There are reports of fresh attacks of well known Trojan horse ZeuS on Blackberry devices. Blackberry has a special reputation of being a secure platform but recent news are defamatory. Problem becomes deepening when we come across the infecting mechanism of this malware. The Trojan once installed becomes completely invisible leaving no trail to track. ZeuS also known as Zbot is a Trojan horse that steals banking information by keystroke logging.
As South Asia director of Kaspersky Lab puts the present situation as :
“There has been a new wave of malware attack that has started affecting BlackBerry and it has originated from Poland. The aim is to extract banking passwords.”
Trend Micro,a security research firm reported a Zeus Trojan specifically targeting Blackberry devices. Virus notes the keystroke while user using Mobile banking and thus steals the personal information like passwords etc. Amit Nath, Trend Micro’s security manager in India and SAARC elucidated the virus mechanism. Zeus trojan “does not display any graphical user interface that can prompt users about the infection. Instead, it removes itself from the list of applications. The virus can view, delete and forward text messages, block calls, change the administrator on the device and block phone numbers. It allows the hacker to change the telephone number the device sends all the data to in the event that it gets shut down.”
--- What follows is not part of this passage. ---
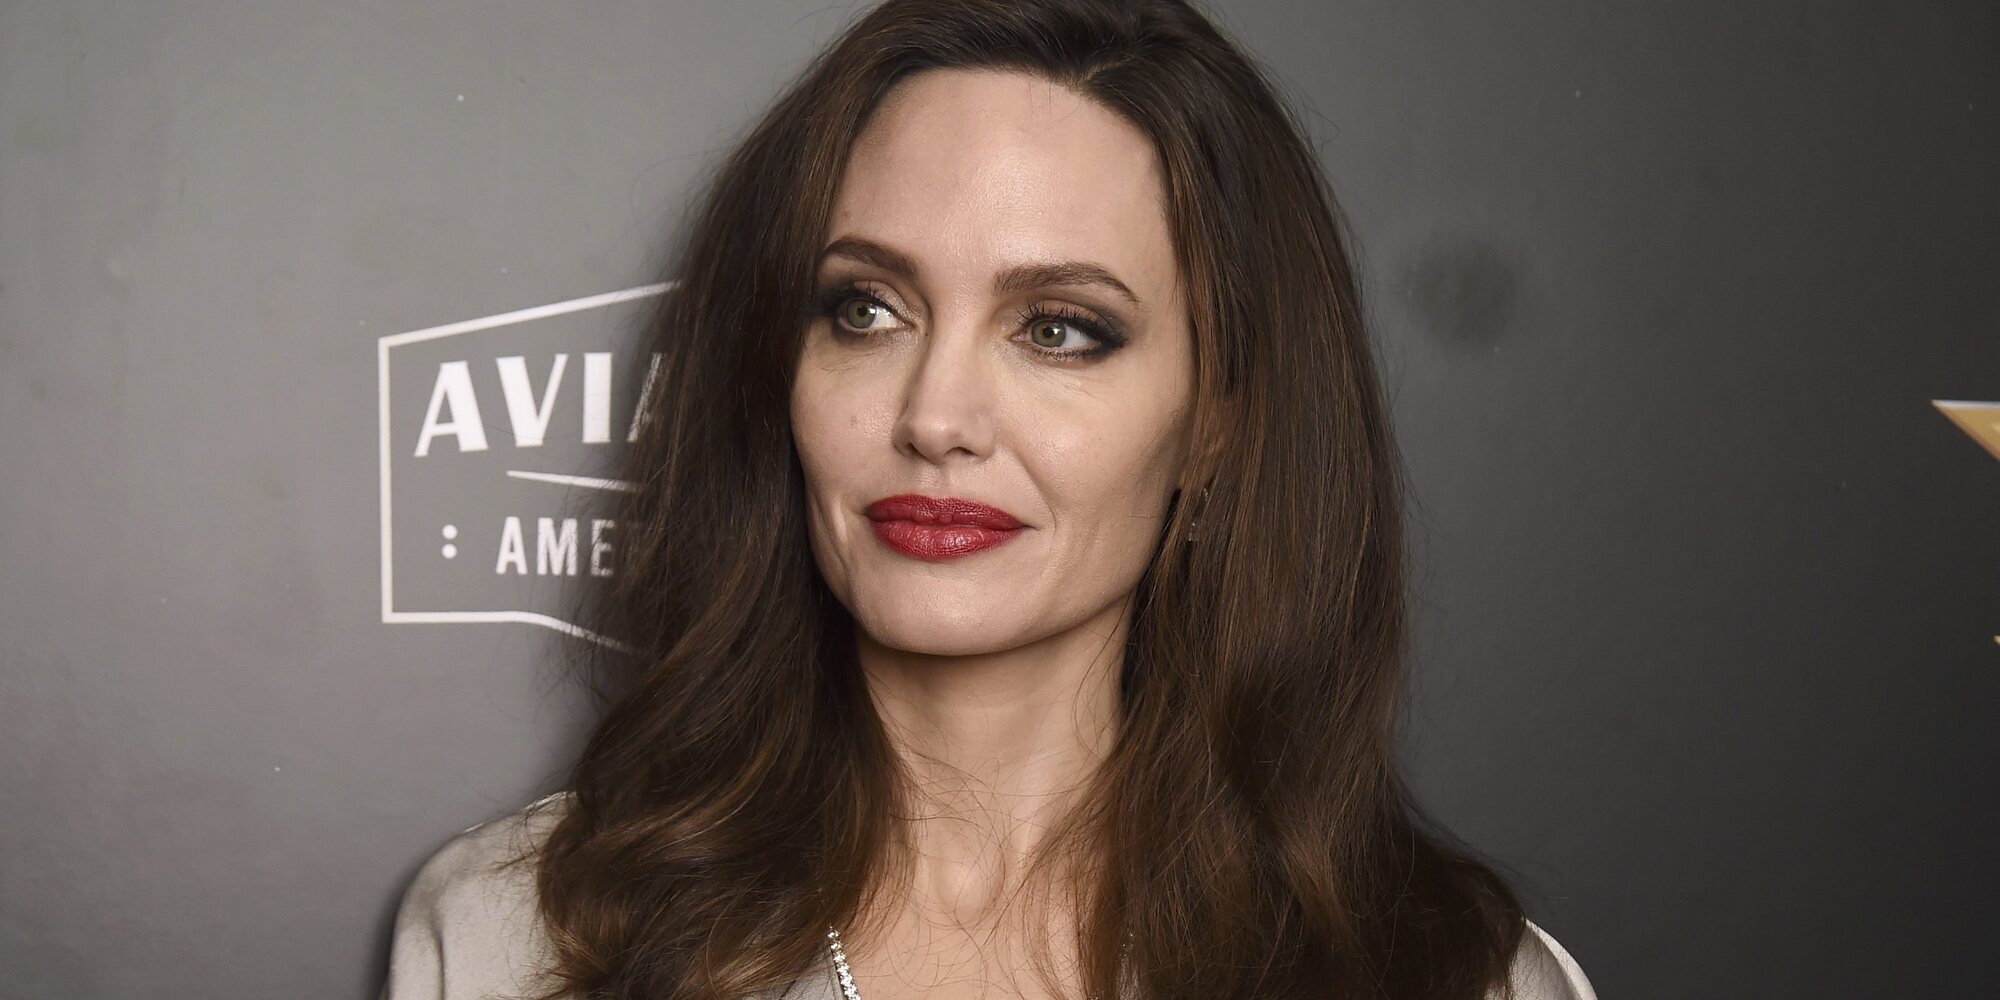 Angelina Jolie revela que ha sufrido violencia vicaria por parte de Brad Pitt: "Quiero recuperar mi seguridad"

This time Trojan specifically known as BBOS_ZITMO.B waits for to be installed,once installed it disappears,sends “App Installed OK” message to a botnet administrator then takes control over SMS function of Blackberry device. Now the device is infected and malware is ready to perform operations. These operations are commanded by botnet administrator. The actual phone user remains completely ignorant of these commands. In case the virus is apprehended and kicked out the administrator can hand over command privileges to a new administrator number, with the Set Administrator command.
- Malware can carry out following commands:
- Hiding SMS and sending it to Administrator without any knowledge tp user.
- Blocking calls.
- switch the phone on or off remotely.
How a secure platform like Blackberry was cracked is not easy to say,although Research in Motion has nothing uttered about the present scenario but the strong chances about the potential cause of breaching the security may be installing out-of-the-box applications.
So be warned and precautious while executing transactions and other banking options through the mobile phones and do not forget to update the virus database of your antivirus.